= Requirement =
From the entries below, reproduce exactly the lines from the one with "唐 邢窯白磁水注 Xing" through the one with "かわいいお子様がいるおふたりがお選びになったのはTASAKI", both included, without images.

= Available records =
BEGIN

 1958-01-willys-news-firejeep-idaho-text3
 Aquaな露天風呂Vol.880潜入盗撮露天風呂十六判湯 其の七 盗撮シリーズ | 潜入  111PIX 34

END
BEGIN

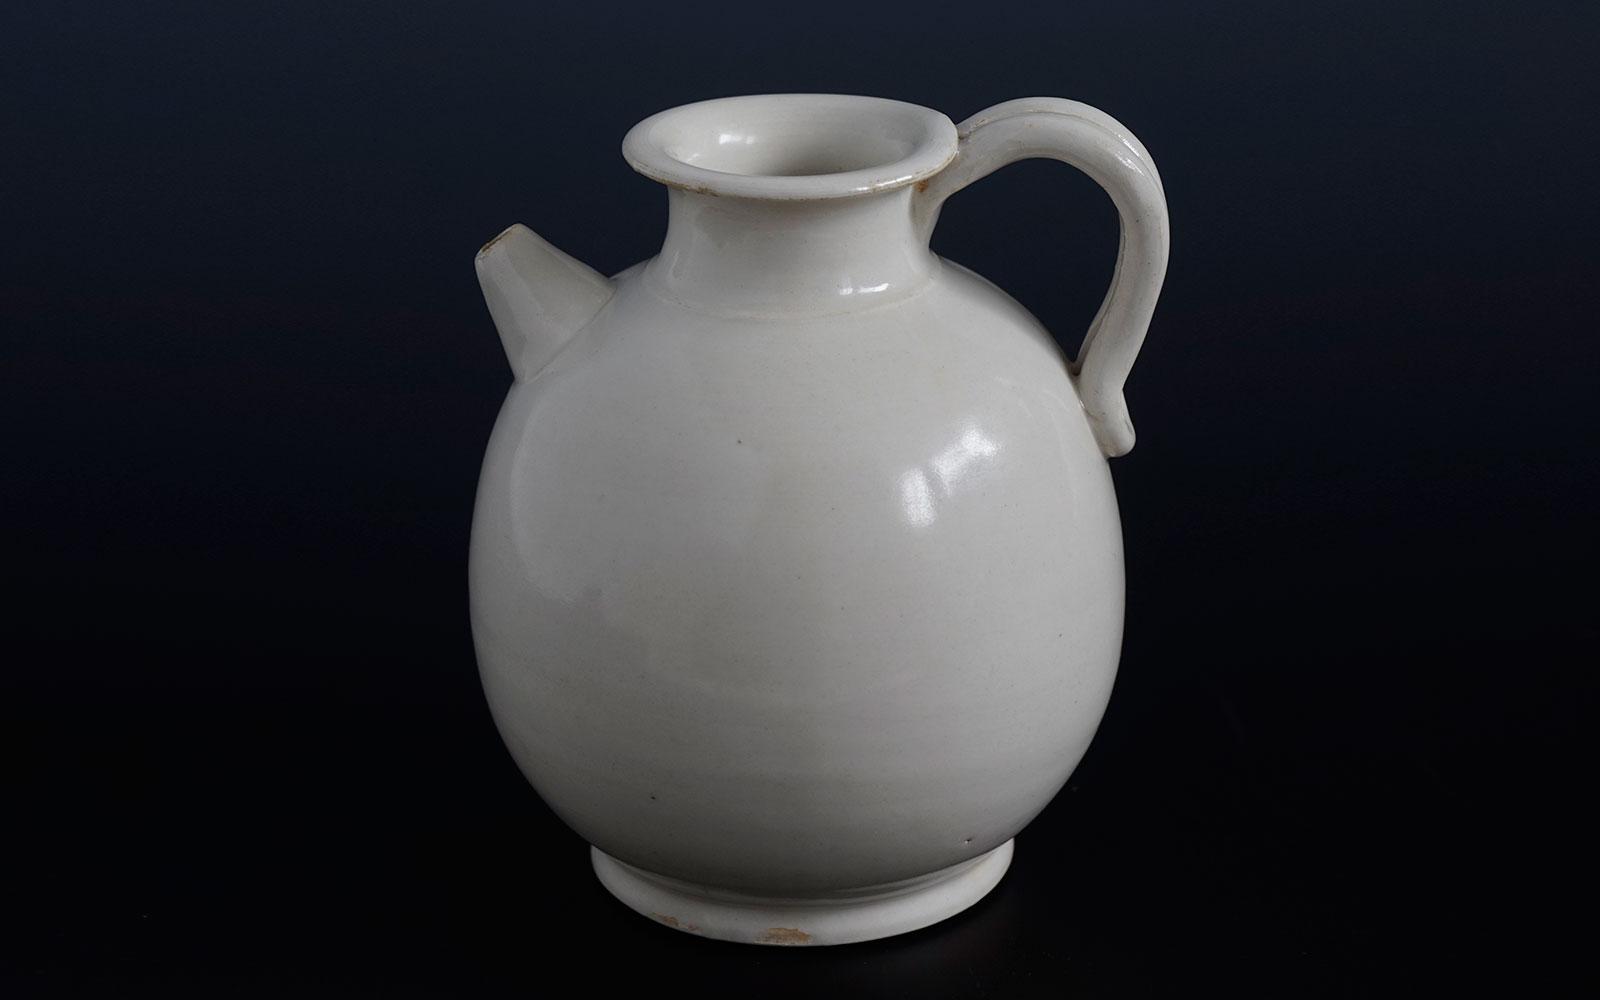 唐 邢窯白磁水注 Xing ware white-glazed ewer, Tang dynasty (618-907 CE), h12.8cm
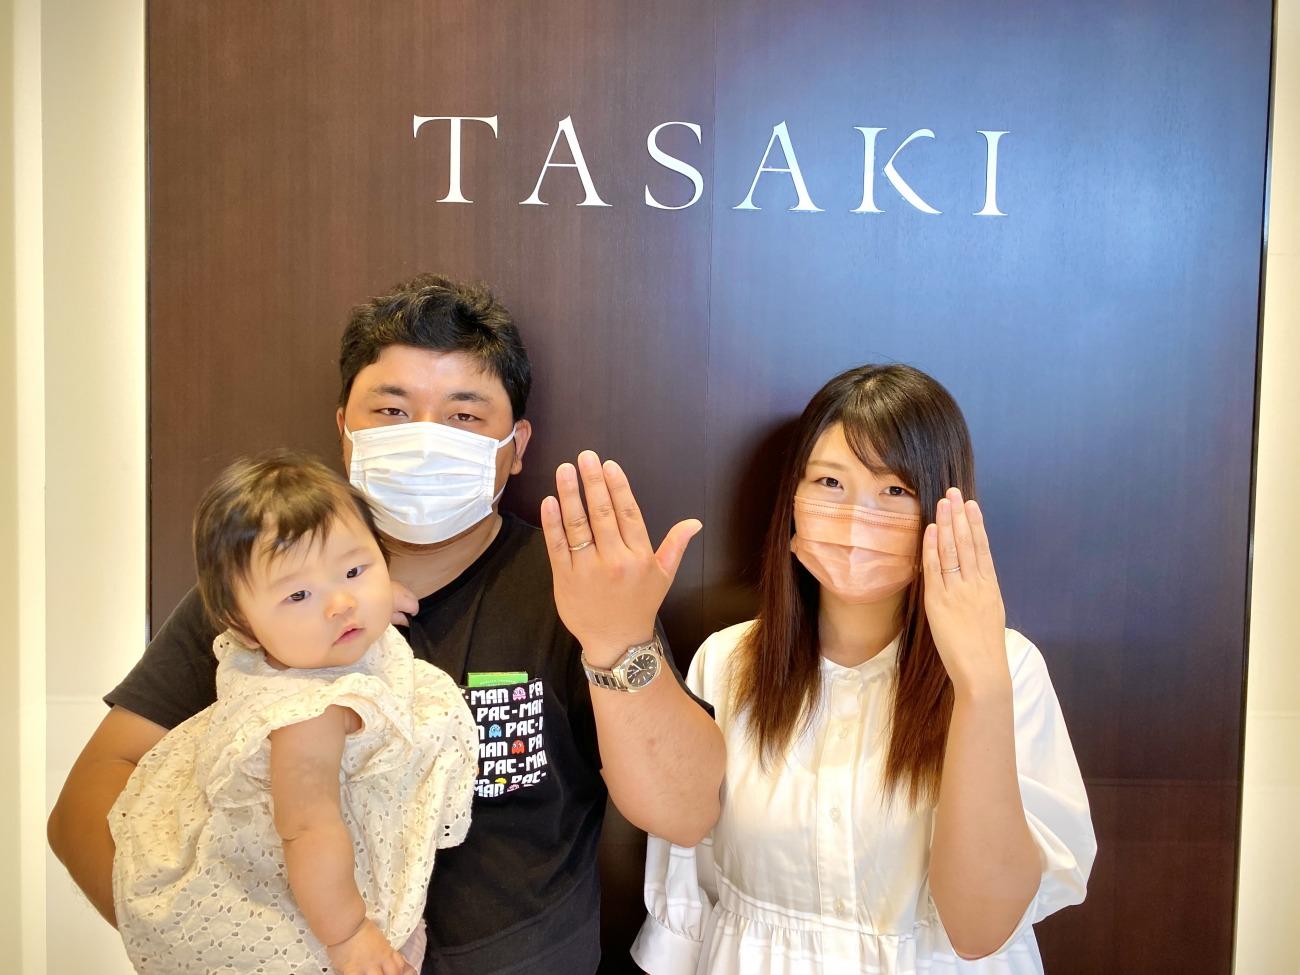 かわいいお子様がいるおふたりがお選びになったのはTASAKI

END
BEGIN

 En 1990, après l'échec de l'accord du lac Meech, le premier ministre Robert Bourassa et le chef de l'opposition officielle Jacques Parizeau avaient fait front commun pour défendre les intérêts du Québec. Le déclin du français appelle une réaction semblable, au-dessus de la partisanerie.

END

= Expected answer =
 唐 邢窯白磁水注 Xing ware white-glazed ewer, Tang dynasty (618-907 CE), h12.8cm
 かわいいお子様がいるおふたりがお選びになったのはTASAKI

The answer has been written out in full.